| WHAT TO WORK ON |
Copy the listing below exactly, but skip the pictures.

| SUPPLIED DATA |
|---|

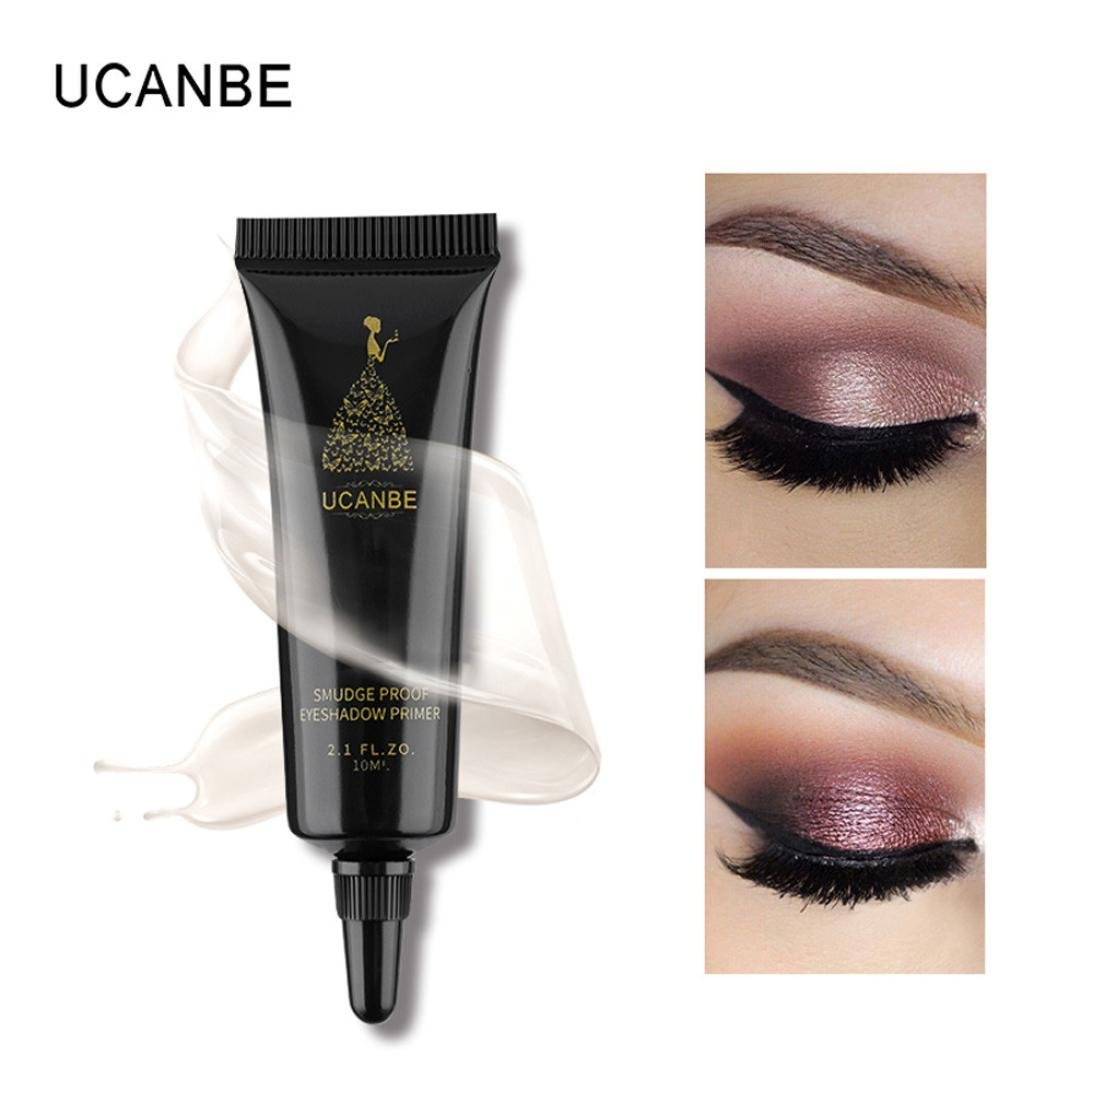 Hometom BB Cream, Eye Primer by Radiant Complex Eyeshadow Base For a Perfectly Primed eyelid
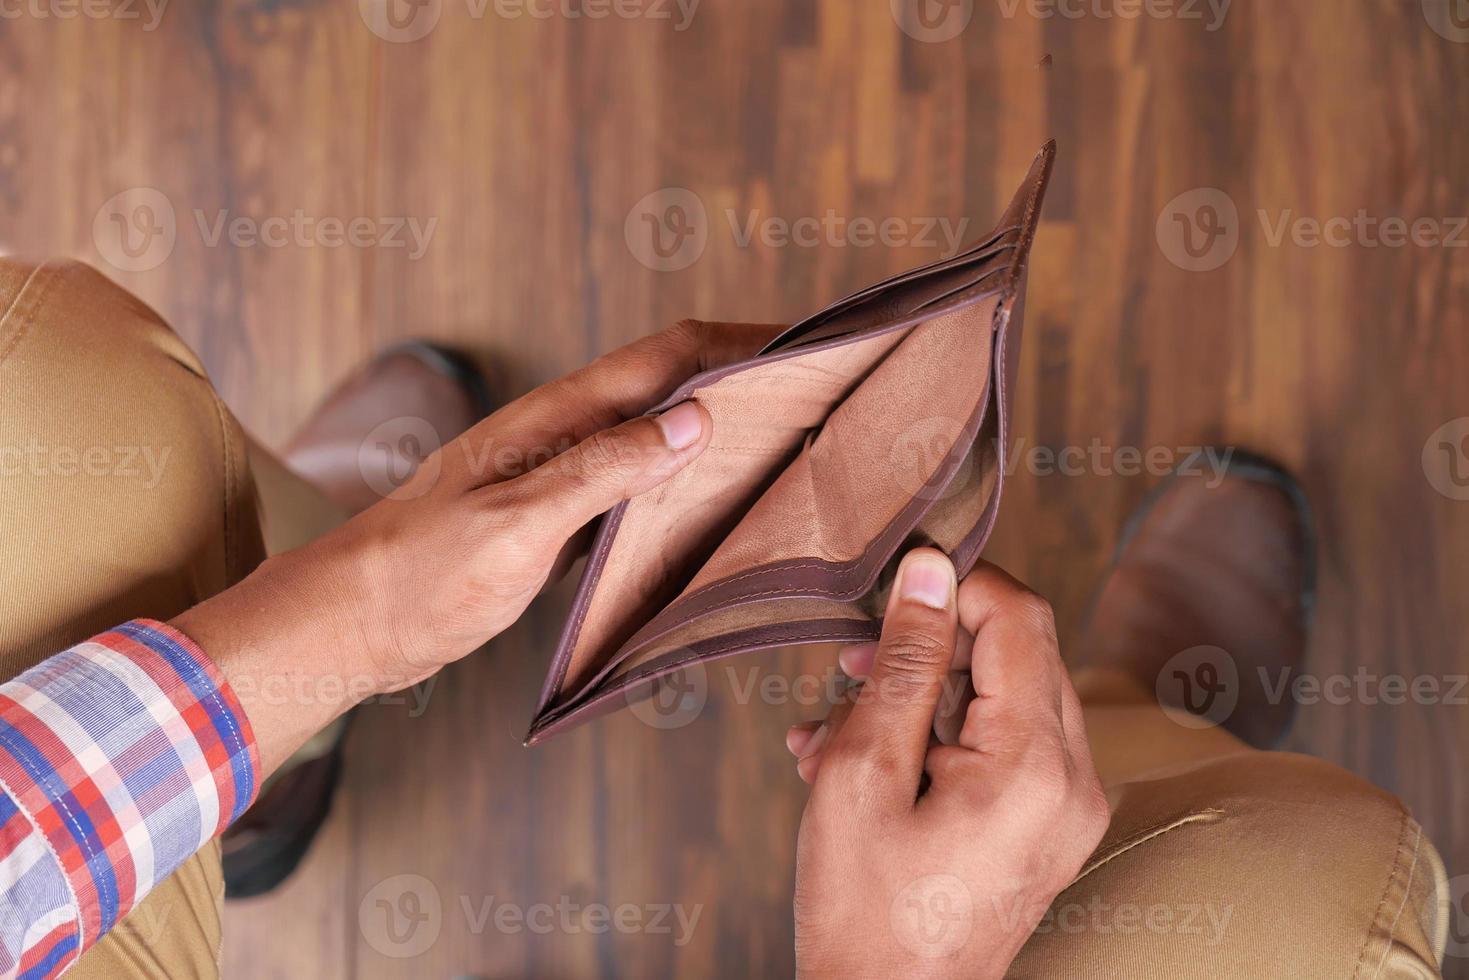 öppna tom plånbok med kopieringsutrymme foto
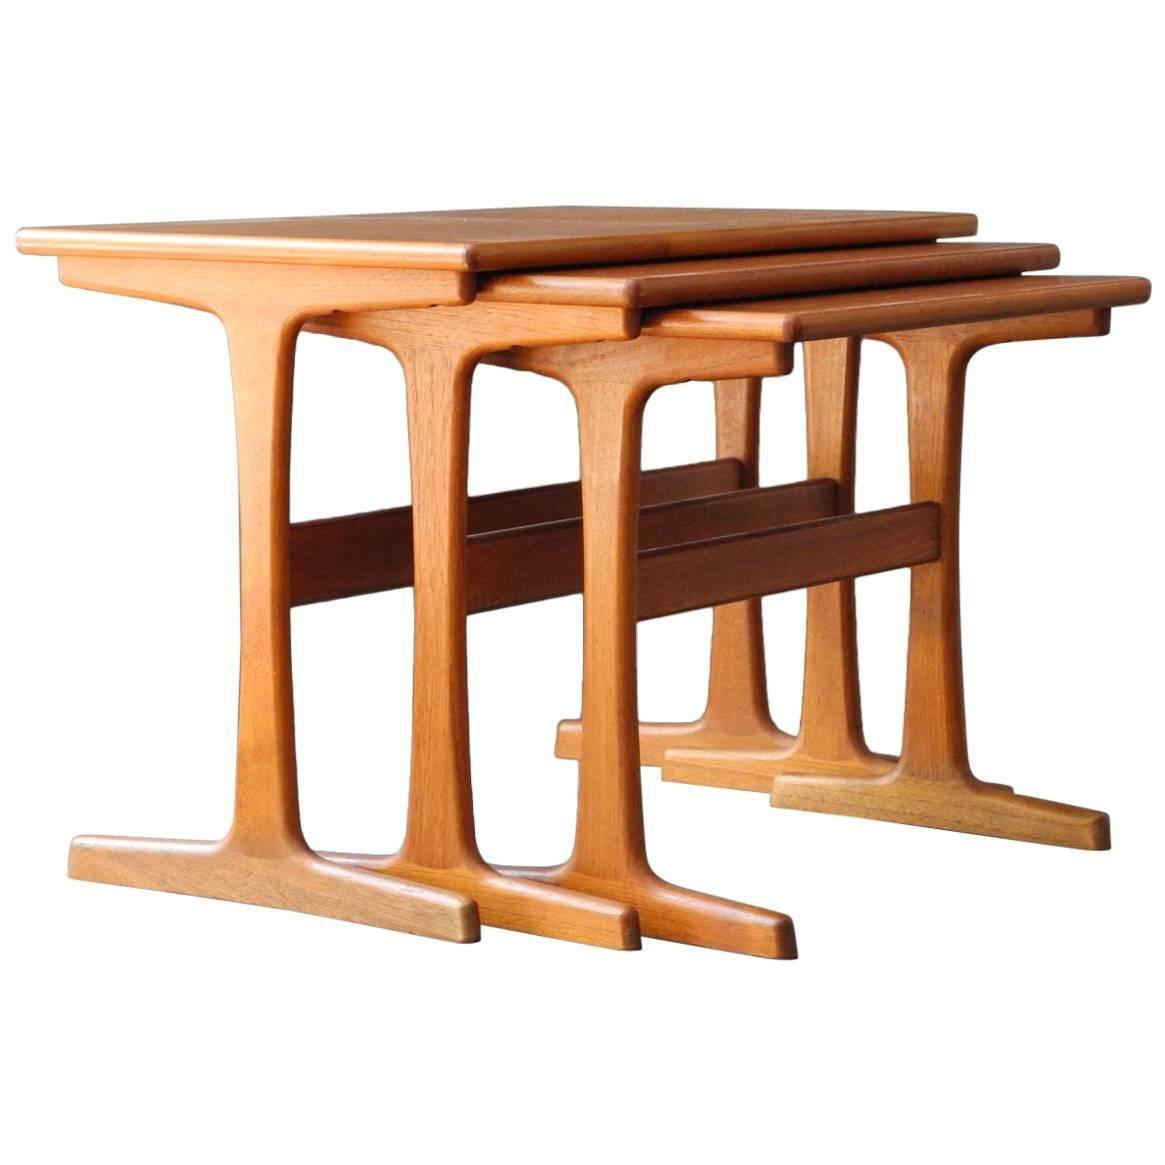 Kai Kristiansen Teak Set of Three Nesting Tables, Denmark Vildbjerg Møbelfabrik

|---|

| SOLUTION TO THIS TASK |
 Hometom BB Cream, Eye Primer by Radiant Complex Eyeshadow Base For a Perfectly Primed eyelid
 öppna tom plånbok med kopieringsutrymme foto
 Kai Kristiansen Teak Set of Three Nesting Tables, Denmark Vildbjerg Møbelfabrik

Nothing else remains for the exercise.